# Backfilling

Backfilling stats without thought would cause resource constraints on the Redshift cluster and DynamoDB tables.

This is because the cron environment queries Redshift on a regular interval to ensure users get the the freshest stats possible.

## Precautions

The processing of time series stats depends on the presence of sessions data in DynamoDB.

When backfilling a certain time range, sessions data **must** be completely processed first (i.e. queried from Redshift and then inserted into DynamoDB), before the processing of any time series stats could be initiated.

## Steps
1. Connect to the VPN
1. From the Elastic Beanstalk console, for the **cron** environment, set the environment variable `BACKFILL_IN_PROGRESS` to `true`.

    - This pauses the **cron** environment's querying of Redshift to free up the Redshift cluster's availability.

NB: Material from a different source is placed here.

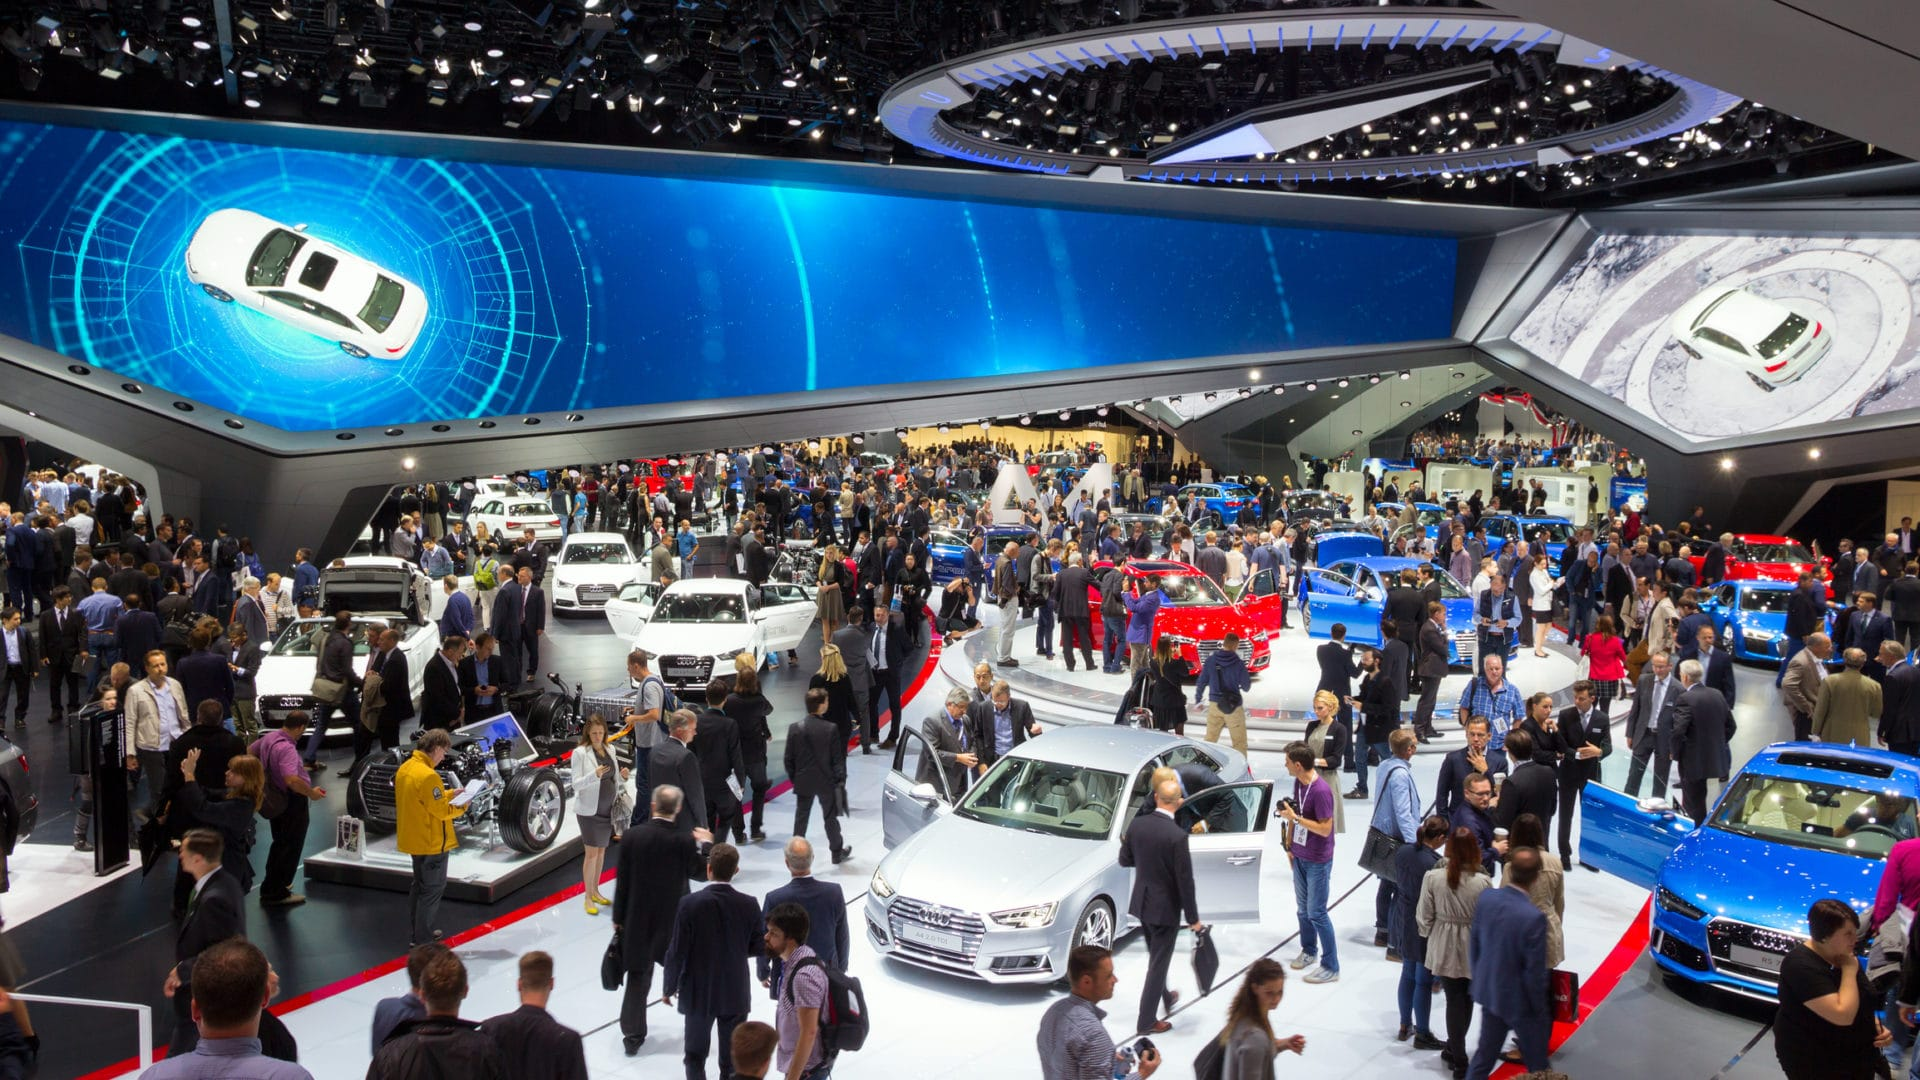 Franfurt Auto Show

2. Within the script file ([`cmd/backfill/main.go`](../cmd/backfill/main.go)), change the following parameters:

    - SQS queue URL for ingests ("production" or "staging")
    - Backfill time range
    - Specific stats to be backfilled

3. Run the backfill script:

    ```sh
    go run cmd/backfill/main.go
    ```

4. Monitor your backfilling progress via [Grafana](https://grafana.internal.justin.tv/dashboard/db/cb-semki?orgId=1&from=now-30m&to=now).

5. Reset the `BACKFILL_IN_PROGRESS` environment variable back to `false`.